=== WHAT YOU SHOULD DO ===
Retype word for word the stretch of entries below from the line that has "dentes e lábios" through the line that has "Body lift-assist walker device", and omit the pictures.

=== RECORDS FOR PROCESSING ===
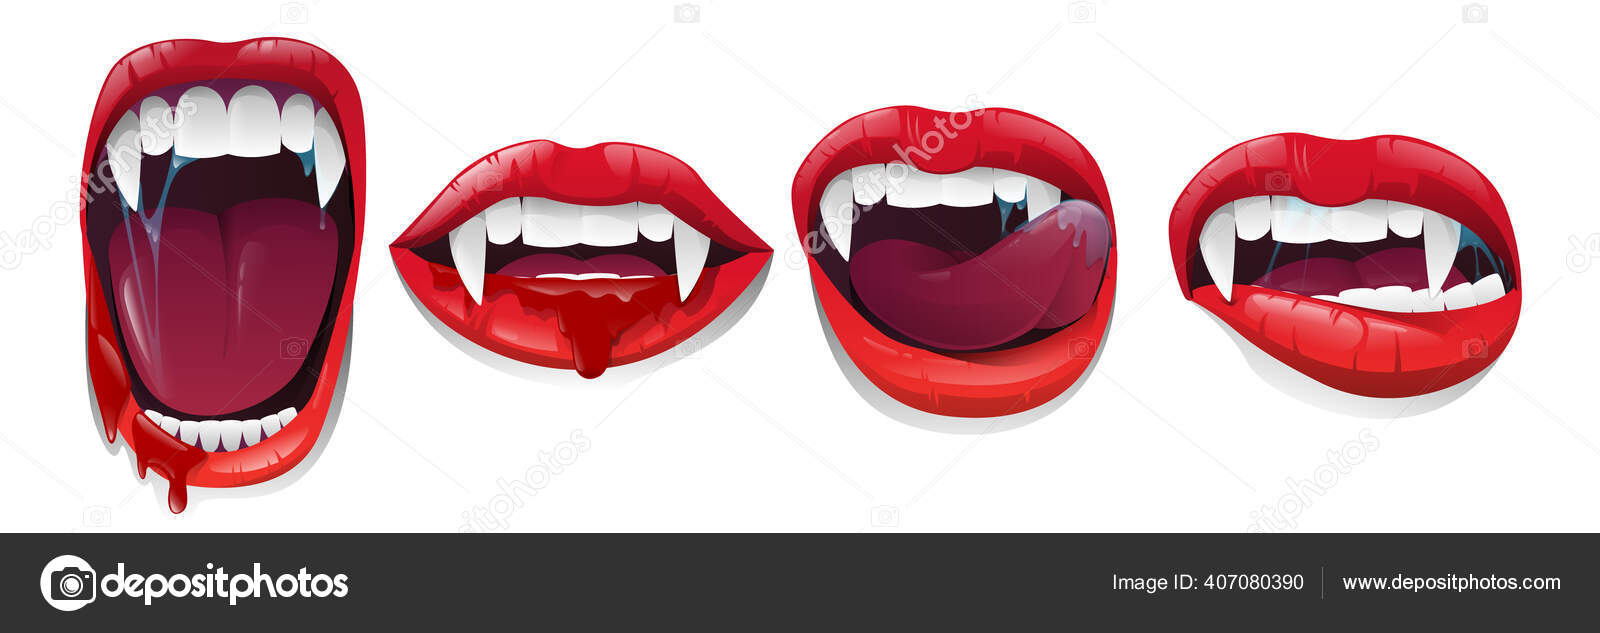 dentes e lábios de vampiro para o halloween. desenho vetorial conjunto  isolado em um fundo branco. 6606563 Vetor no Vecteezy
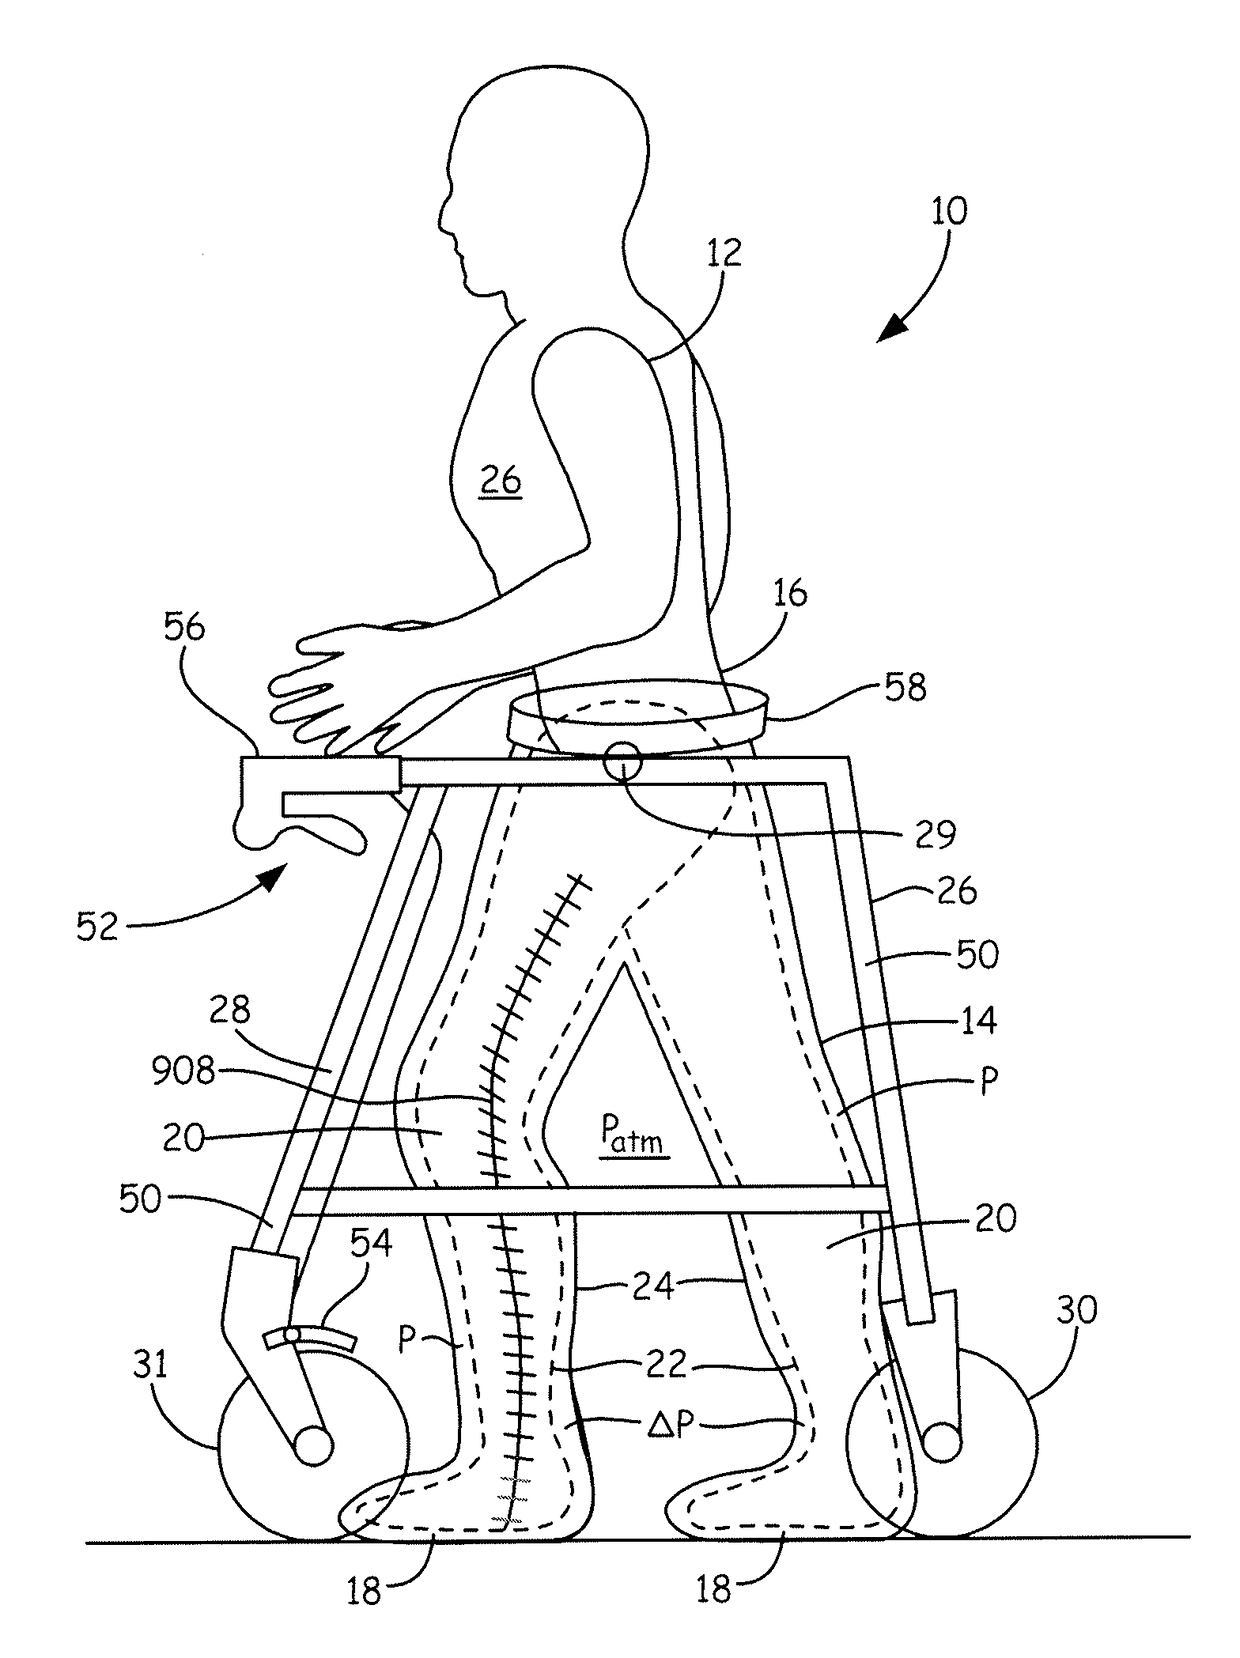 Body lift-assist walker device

...

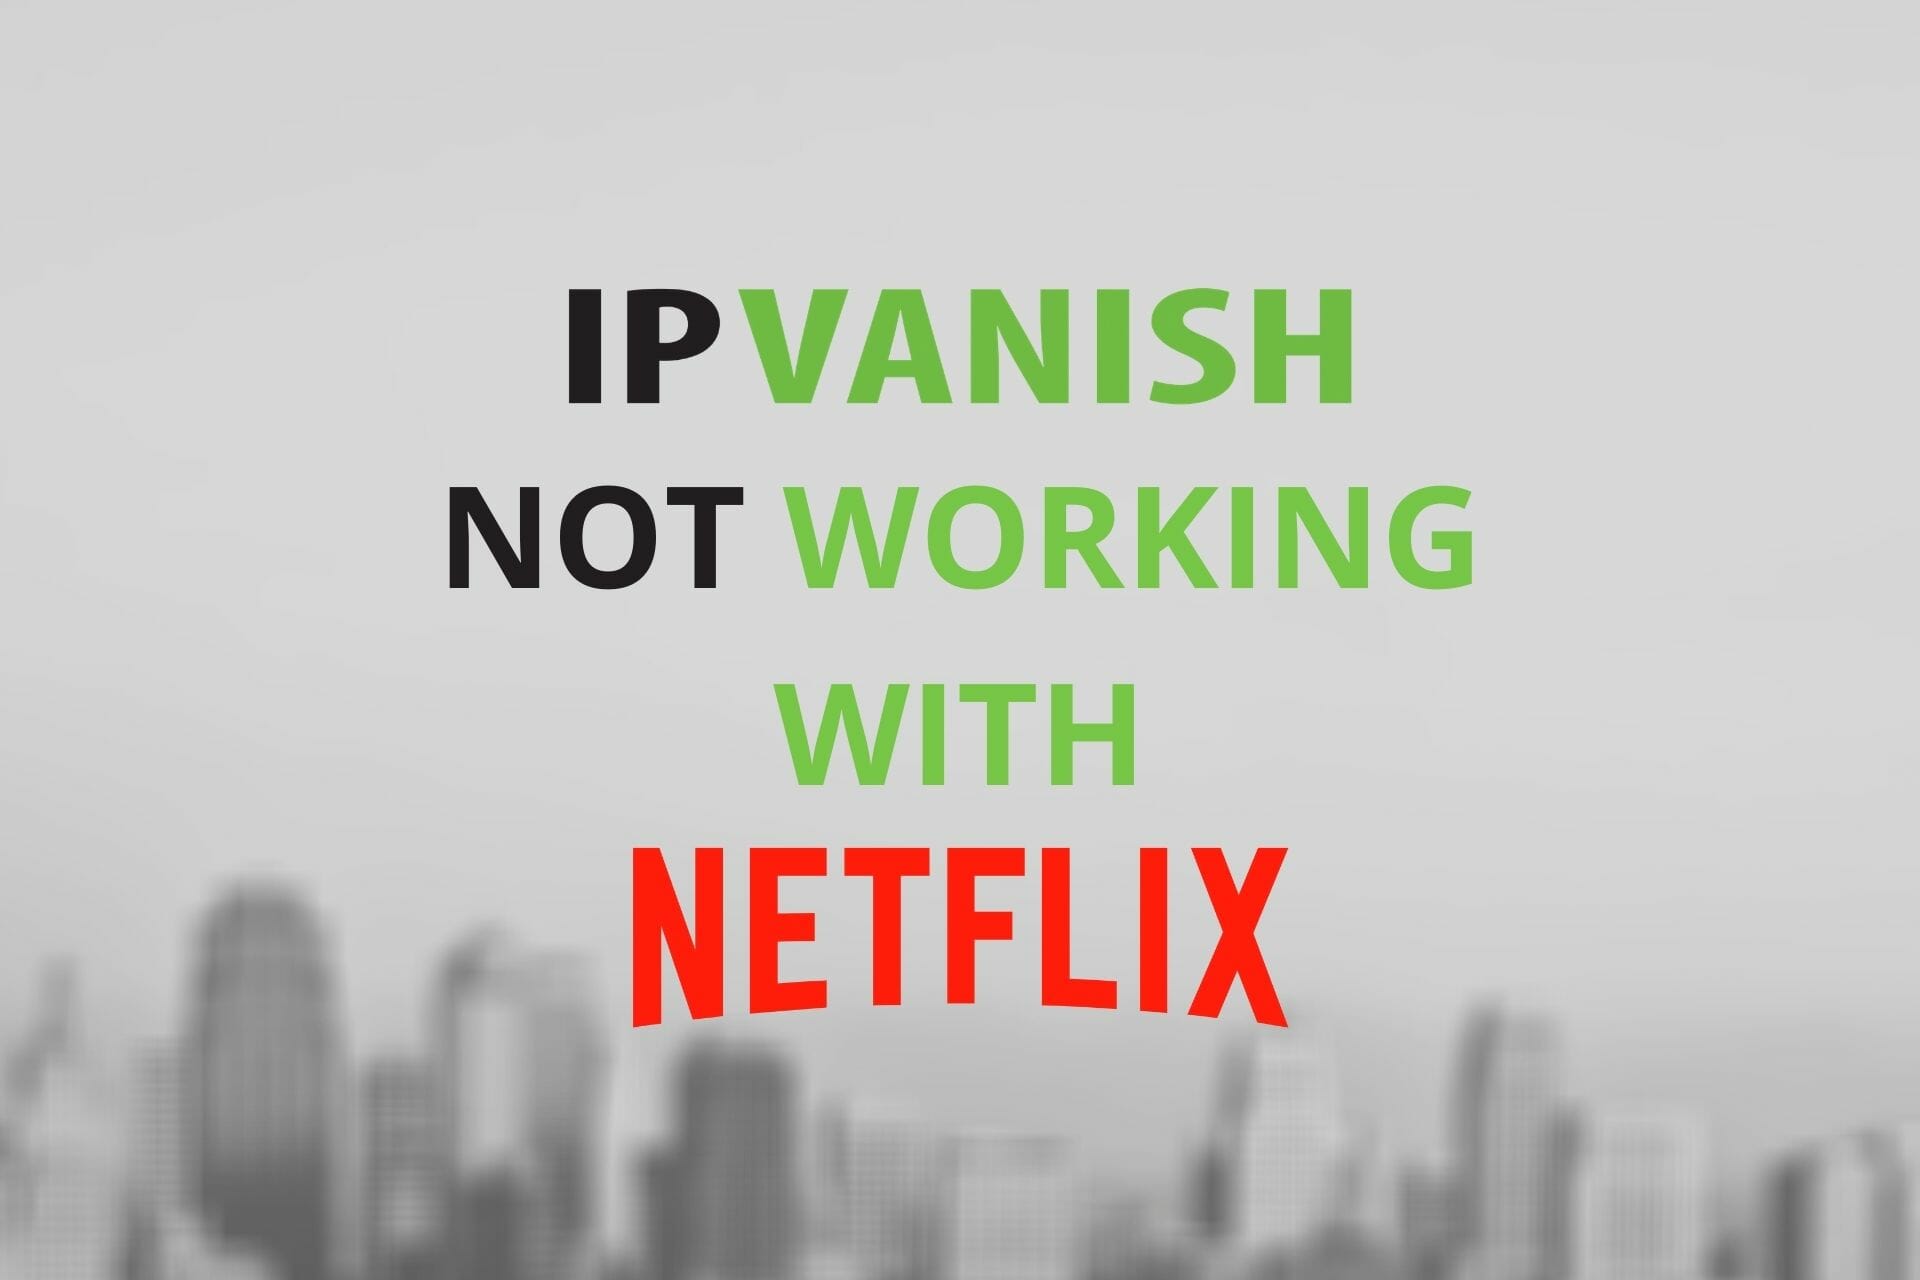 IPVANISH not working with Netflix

=== ANSWER TO THIS TASK ===
 dentes e lábios de vampiro para o halloween. desenho vetorial conjunto  isolado em um fundo branco. 6606563 Vetor no Vecteezy
 Body lift-assist walker device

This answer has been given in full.